There are many benefits to IaC, some of which are as follows:

  • Modeling your infrastructure as code gives you a single source of truth to define the resources that are deployed in your account.
  • Once there are no manual steps to create your resources, you can fully automate deployment. You can deploy changes to an existing environment or create a brand new environment from scratch automatically by launching stacks based on your CloudFormation templates.
  • Treating your infrastructure as code allows you to apply all the best practices of modern software development to your templates. Use code editors, distributed version control, code reviews, and easy rollbacks as part of your process.

The layer cake

Now is a good time to start thinking about your AWS deployments in terms of layers. Your layers will sit on top of one another, and you will have well-defined relationships between them.

Here’s a bottom-up example of what your layer cake might look like:

  • VPC with CloudTrail
  • Subnets, routes, and NACLs
  • NAT gateways, VPN or bastion hosts, and associated security groups
  • App stack 1: Security groups and S3 buckets
  • App stack 2: Cross-zone RDS and read replica
  • App stack 3: App and web server autoscaling groups and ELBs
  • App stack 4: CloudFront and WAF config

In this example, you may have many occurrences of the app stack layers inside your VPC, assuming that you have enough IP addresses in your subnets! This is often the case with VPCs living inside development environments. So, immediately, you have the benefit of multi-tenancy capability with application isolation.

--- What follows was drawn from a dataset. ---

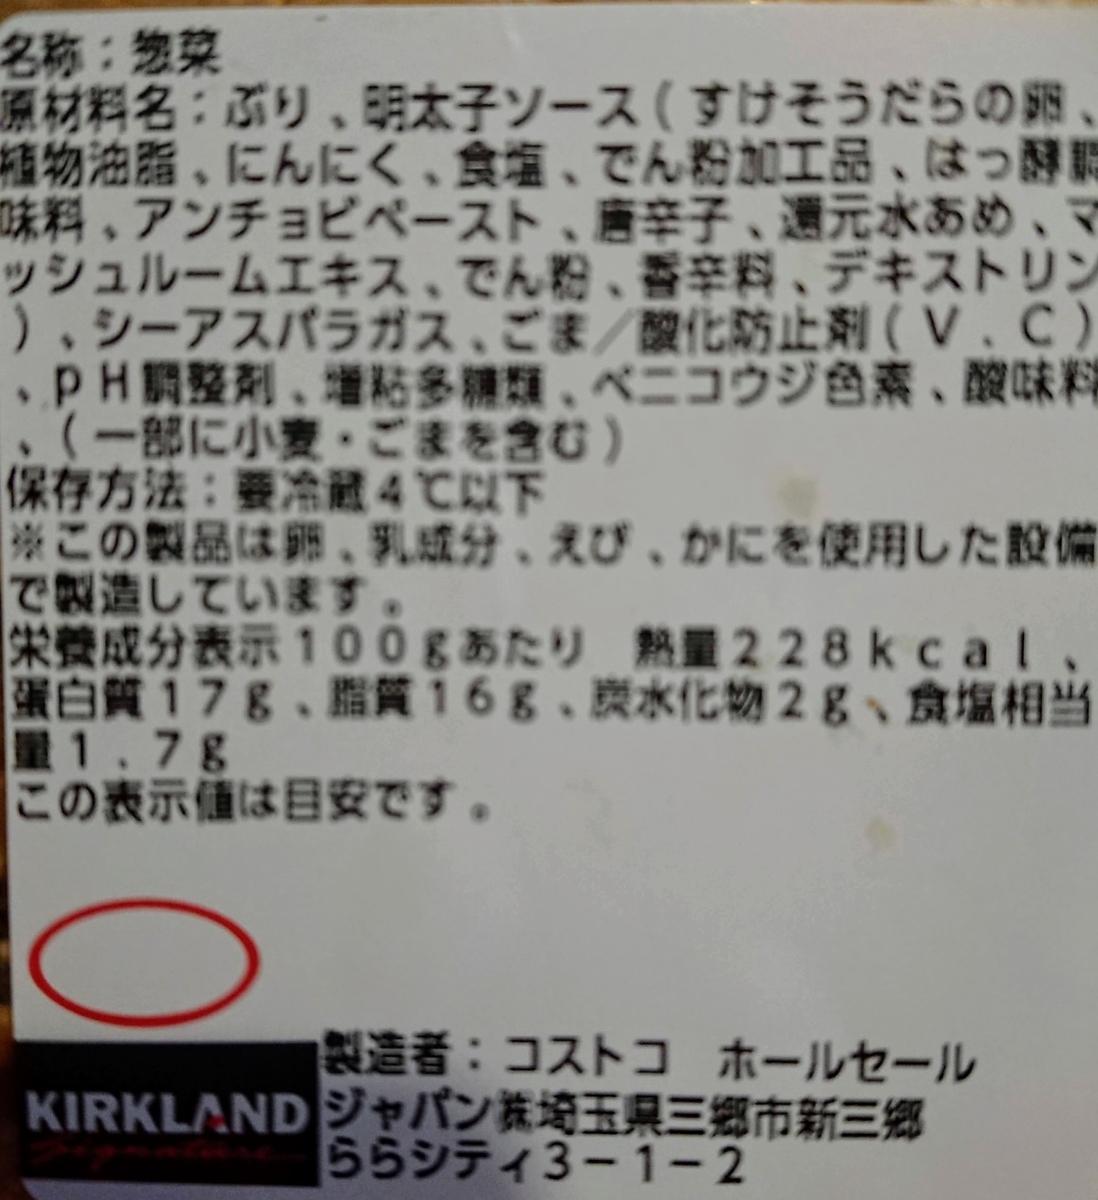 f:id:P-chanmama:20210123115711j:plain
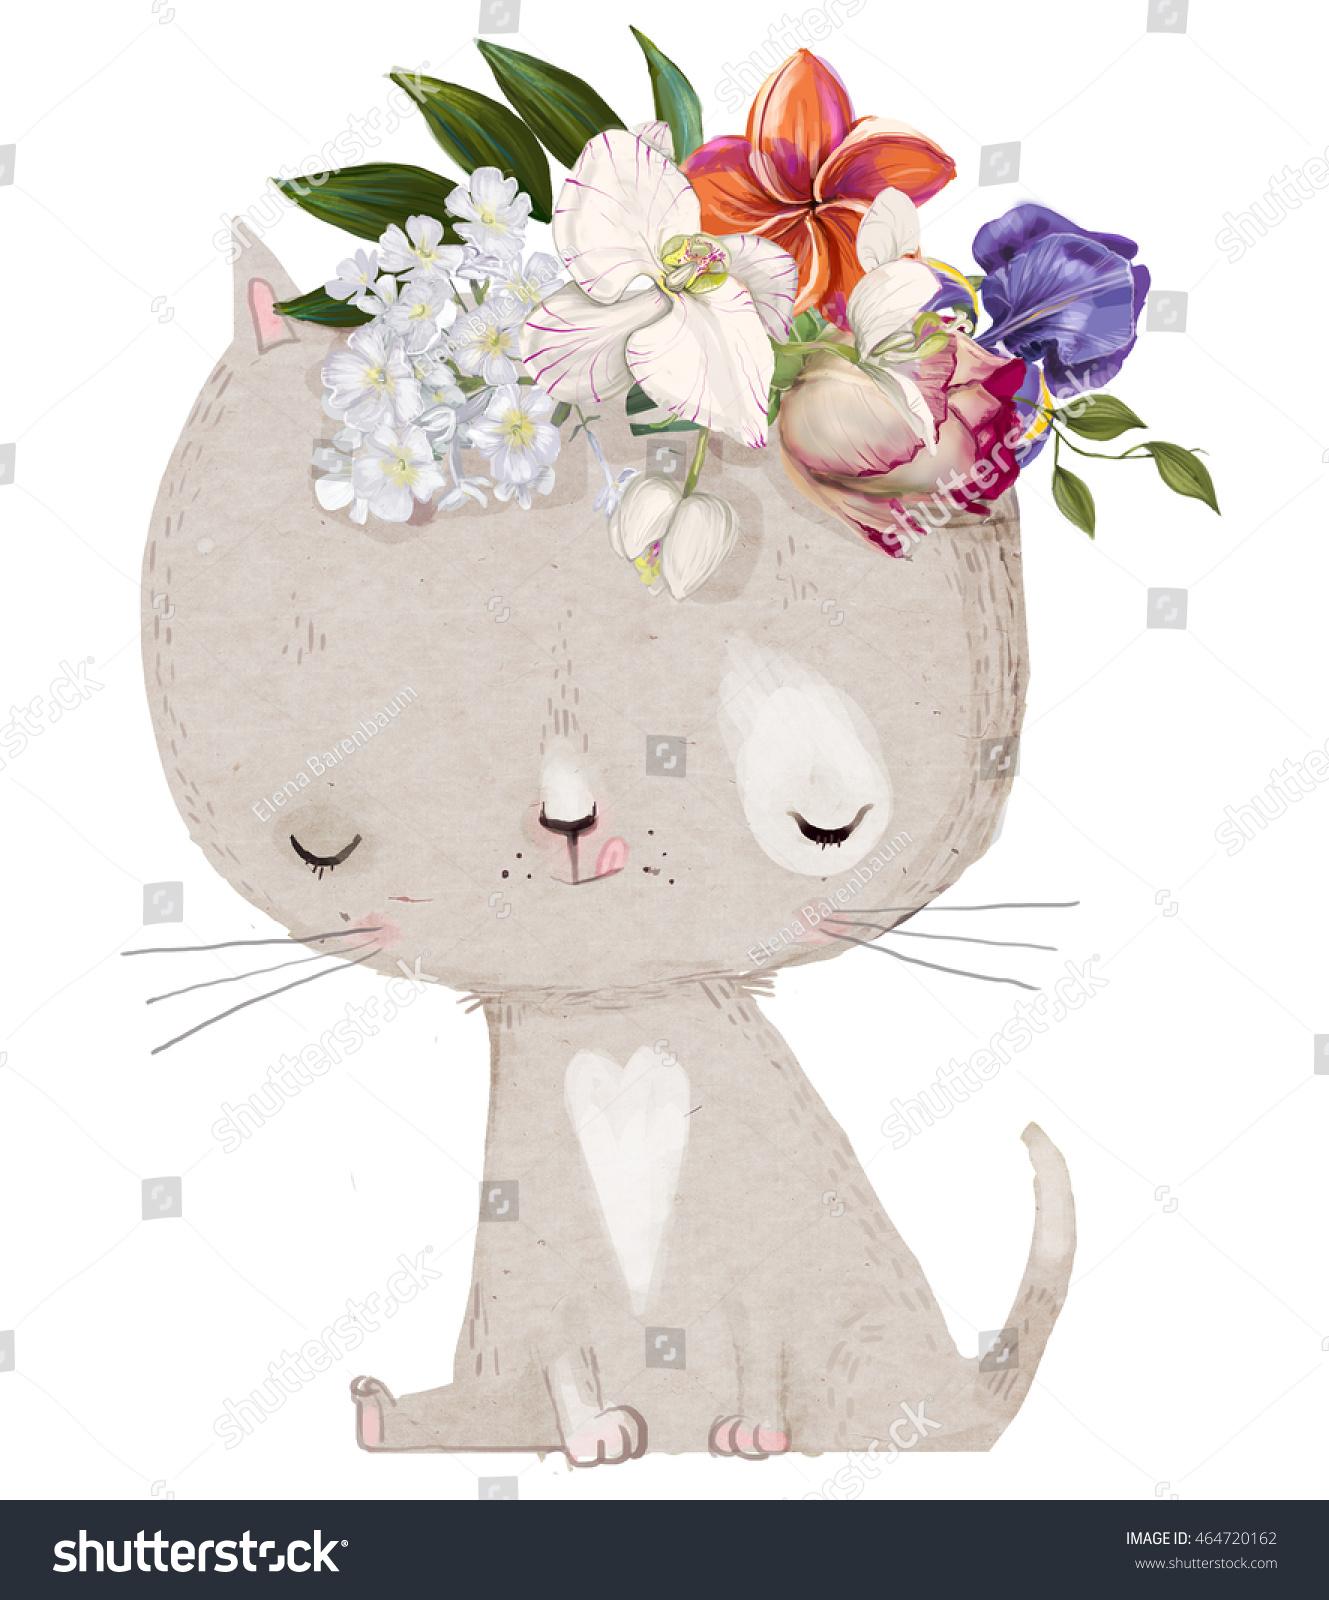 Cute Hand Drawn Kitten Floral Wreath Stock Illustration 464720162 ...

One advantage of this approach is that, while you are developing your CloudFormation template, if you mess up the configuration of your app server, you don’t have to wind back all the work CloudFormation did on your behalf. You can just scrap that particular layer (and the layers that depend on it) and restart from there. This is not the case if you have everything contained in a single template.

We commonly work with customers for whom the ownership and management of each layer in the cake reflect the structure of the technology divisions within a company. The traditional infrastructure, network, and cybersecurity folk are often really interested in creating a safe place for digital teams to deploy their apps, so they like to heavily govern the foundational layers of the cake. 

Even if you are a single-person infrastructure coder working in a small team, you will benefit from this approach. For example, you’ll find that it dramatically reduces your exposure to things such as AWS limits, timeouts, and circular dependencies.

CloudFormation templates

This is where we start to get our hands dirty. CloudFormation template files are the codified representations of your stack and are expressed in either YAML or JSON. When you wish to create a CloudFormation stack, you push a template file to CloudFormation through its API, web console, command-line tools, or some other method (such as the SDK).

Templates can be replayed over and over again by CloudFormation, thus creating many instances of your stack.

YAML versus JSON

Up until recently, JSON was your only option. We actually encourage you to adopt YAML, and we’ll be using it for all of the examples that are shown in this book. Some of the reasons for this are as follows:

  • It’s just nicer to look at. It’s less syntax-heavy, and should you choose to go down the path of generating your CloudFormation templates, pretty much every language has a YAML library of some kind.
  • The size of your templates will be much smaller. This is more practical from a developer’s point of view, but it also means that you’re less likely to run into the CloudFormation size limit on template files (50 KB).
  • The string-substitution features are easier to use and interpret.
  • Your EC2 UserData (the script that runs when your EC2 instance boots) will be much easier to implement and maintain.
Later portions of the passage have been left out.